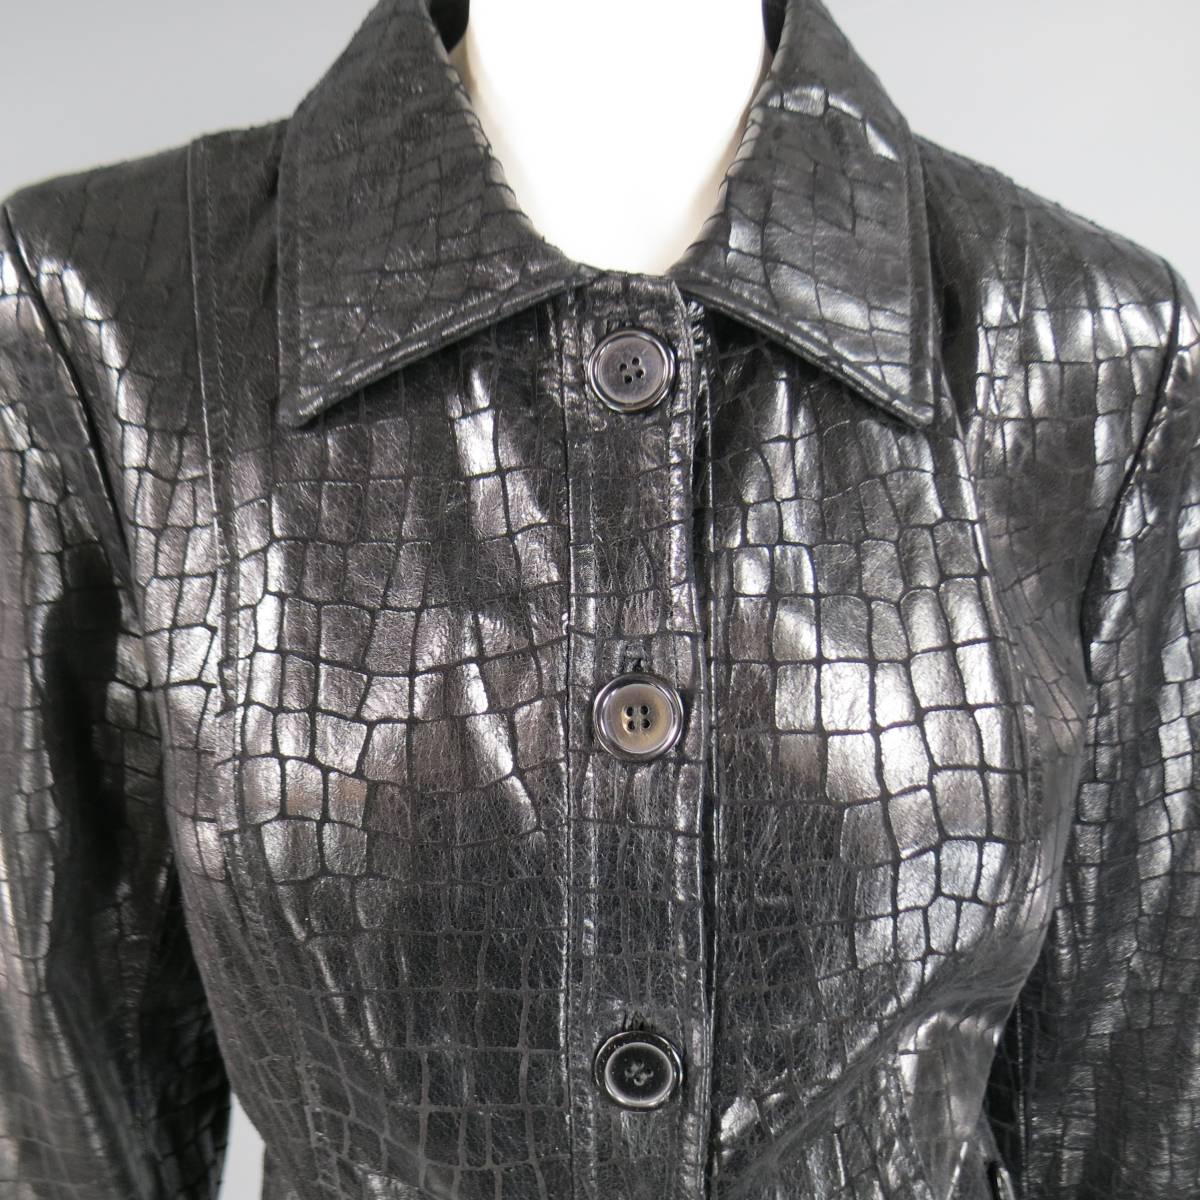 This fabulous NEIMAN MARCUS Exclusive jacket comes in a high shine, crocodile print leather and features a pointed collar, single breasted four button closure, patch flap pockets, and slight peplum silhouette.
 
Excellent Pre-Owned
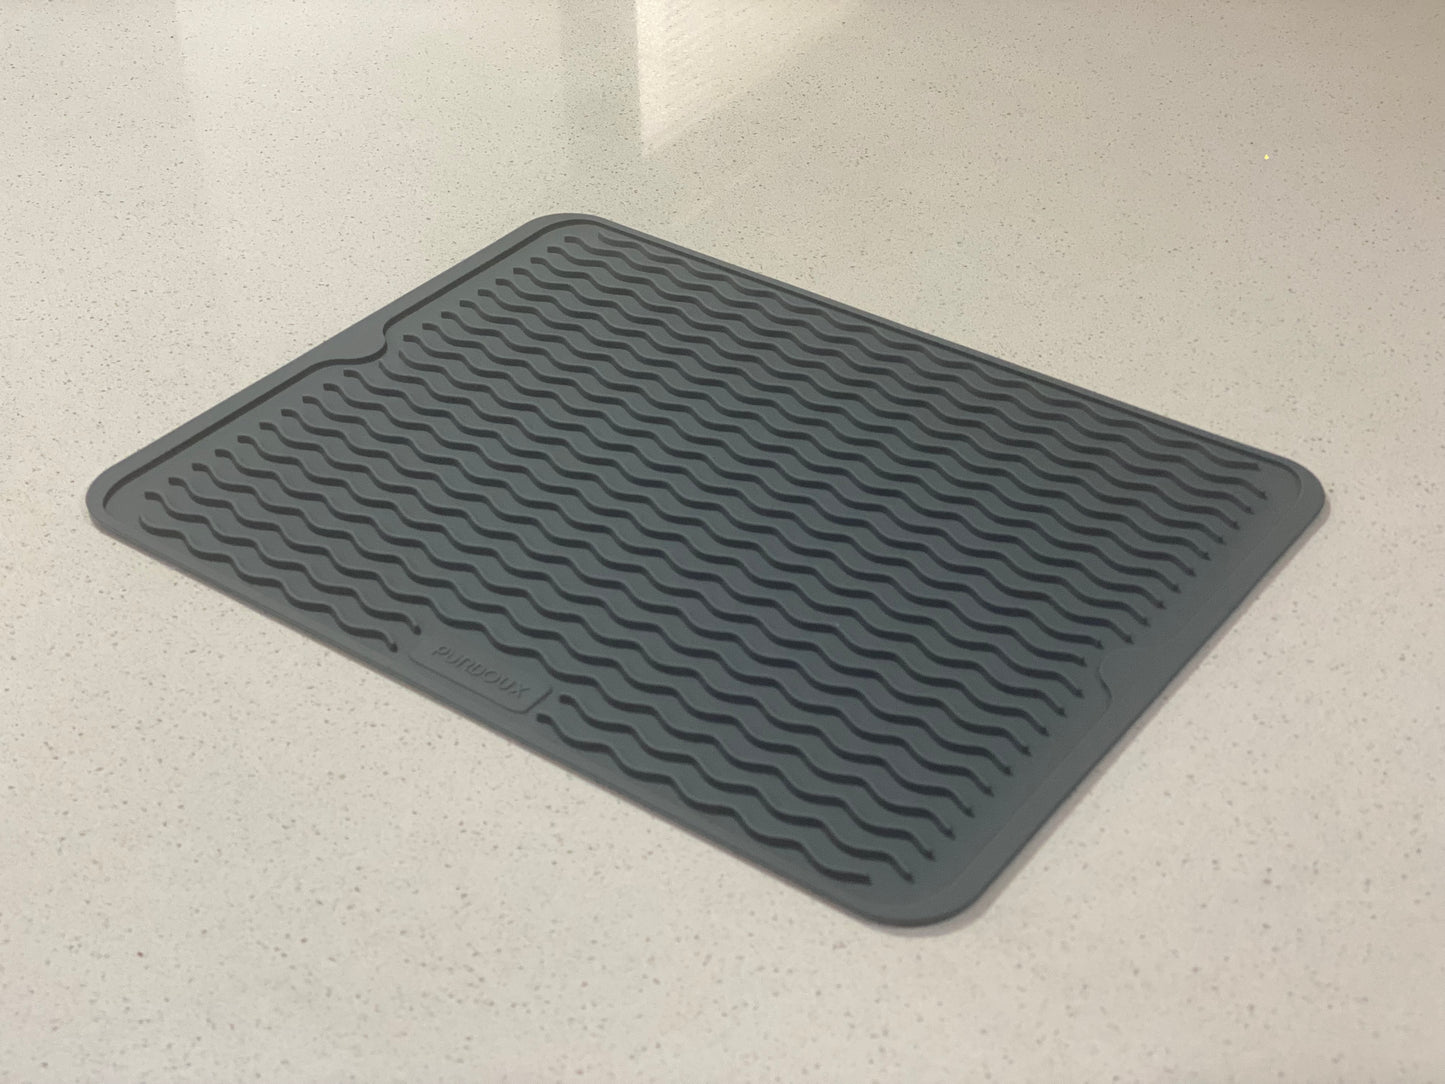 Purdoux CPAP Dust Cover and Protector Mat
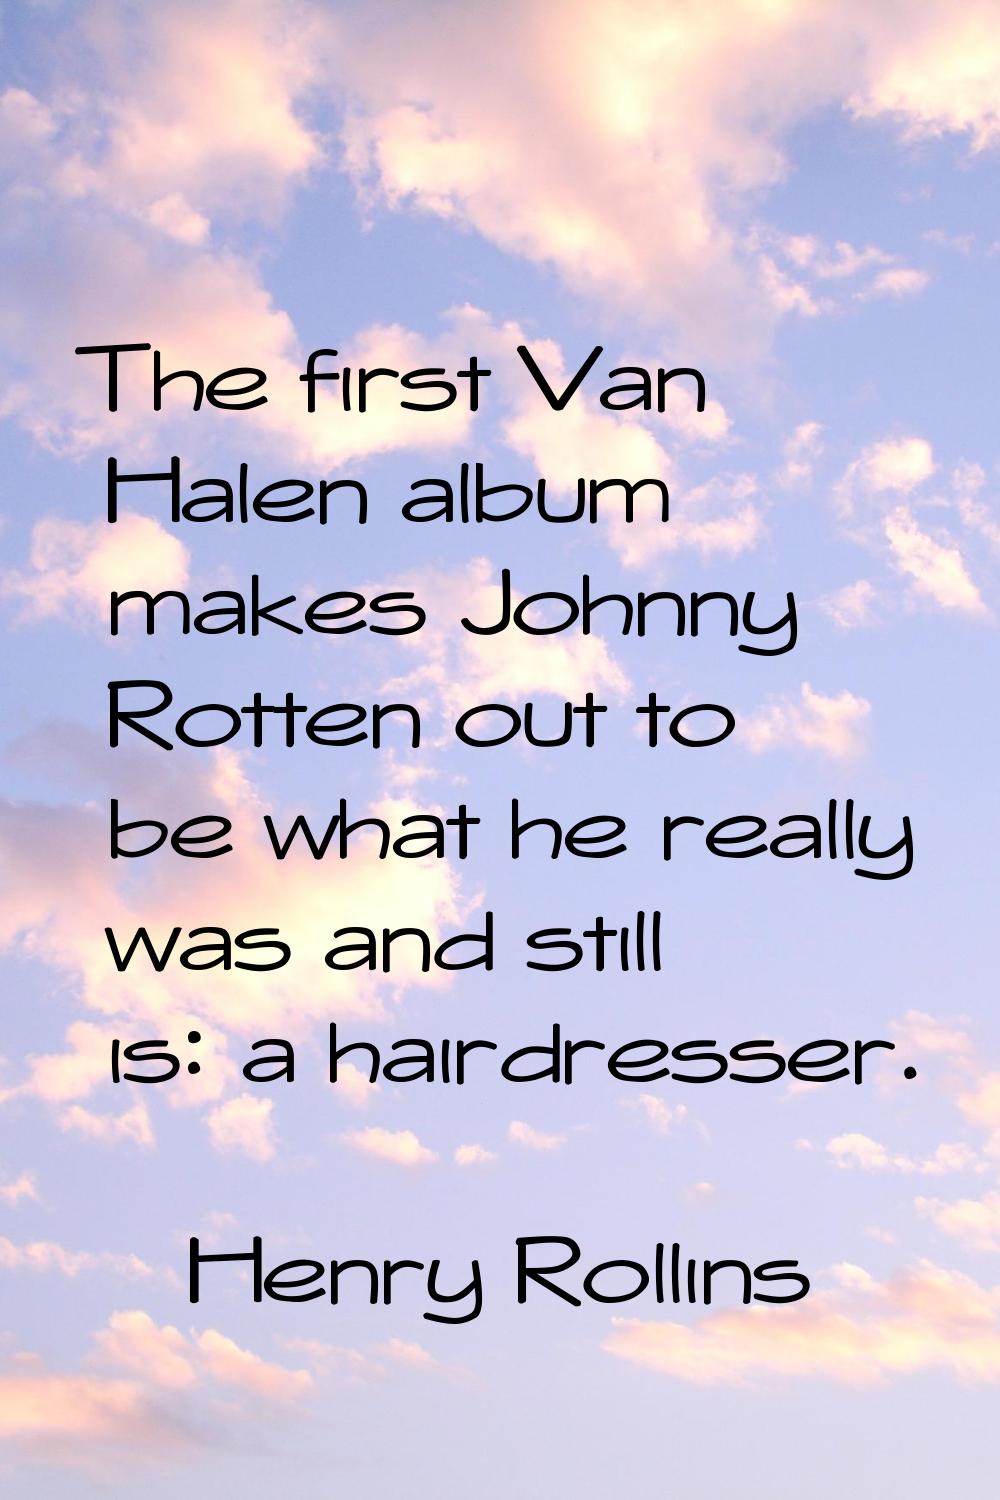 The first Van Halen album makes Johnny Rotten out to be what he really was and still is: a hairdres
•••••
How to complete this task » Without reproducing any picture, repeat exactly the lines from the one containing "Excellent Pre-Owned" through the last line of the material above, both ends included.

Response »
Excellent Pre-Owned
 Purdoux CPAP Dust Cover and Protector Mat
 The first Van Halen album makes Johnny Rotten out to be what he really was and still is: a hairdres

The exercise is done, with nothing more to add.